Based on these findings, there is a clear opportunity for Russell 1000 companies – particularly in certain industries – to not only disclose that they offer paid parental leave, but the number of weeks they provide.
In looking at the policies of companies that disclose the number of weeks of paid leave, we found that primary caregivers receive between one and 26 weeks, with a mean of 10.5 weeks, and a median of 10 weeks. Secondary caregivers also receive a range of one to 26 weeks, but the mean and median are 7.6 weeks and six weeks, respectively. As a way to further assess performance, we quantify the average number of weeks of paid parental leave for both primary and secondary caregivers by industry. The highest performing industry is Internet, offering 18 weeks on average for primary caregivers and 17 on average for secondary caregivers. Software is also leading by offering an average of 16 and 12 weeks to primary and secondary caregivers, respectively.
Although our JUST Jobs Scorecard awards the highest score (4/4) to companies offering 24 weeks or more of paid parental leave, this analysis reveals that 10 industries offer an average of 12 or more weeks of paid parental leave for primary caregivers, while only two offer the same for secondary caregivers. 26 industries offer, on average, fewer than 12 weeks of paid parental leave for primary caregivers and 34 offer the same, on average, for secondary caregivers. For primary caregivers, 15 industries offer between 10 and 12 weeks on average, and for secondary caregivers, 17 industries offer between 4 and 6 weeks.

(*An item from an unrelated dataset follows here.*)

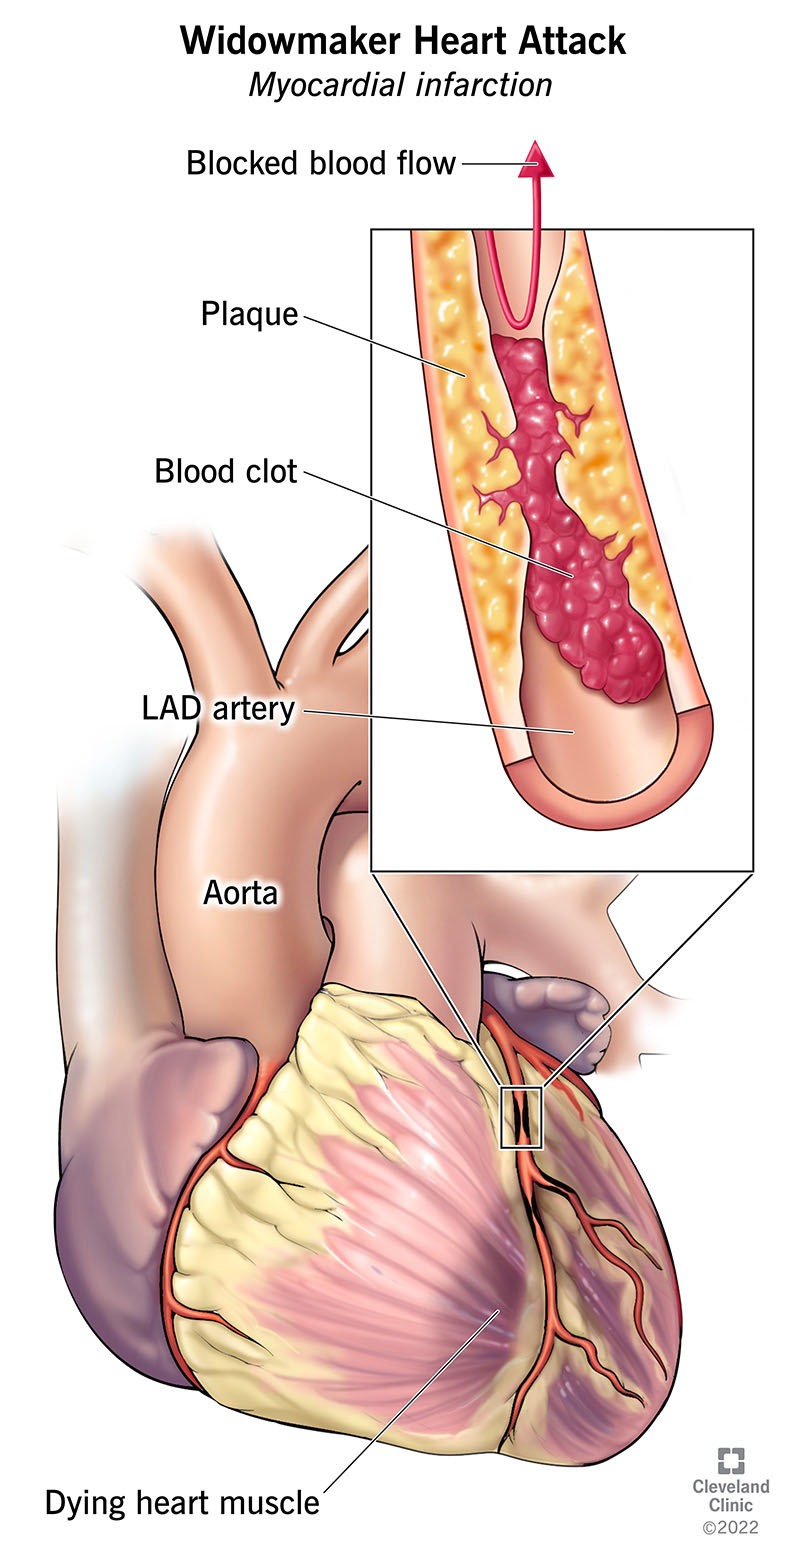 Un attacco cardiaco da vedovo coinvolge l'arteria discendente anteriore sinistra, che fornisce la maggior parte del muscolo cardiaco.

Only Health Care Providers offered an equal average amount of leave for primary and secondary caregivers. All other industries provided more weeks of paid parental leave to primary caregivers.
While our latest analysis signals that corporate America is steadily improving its efforts around paid parental leave, millions of workers around the U.S. do not have access to paid parental leave to welcome home their newest family member, to recover from a birth event, and to adjust to life with a new child. Women, people of color, and individuals who identify as LGBTQ are least likely to have access to paid leave, exacerbating racial and gender inequities in workplaces. Without a federal mandate or policy, workers of all types rely on the private sector to ensure that they have access to adequate paid parental leave, a key benefit for companies to improve retention, attract talent, and strengthen employee health and wellness and engagement.
JUST Capital, in collaboration with partners, established the Corporate Care Network to advance the well-being of workers and demonstrate the long-term value of investment in workers. The Network is committed to driving increased access to care benefits, including paid family and medical leave and flexible work policies.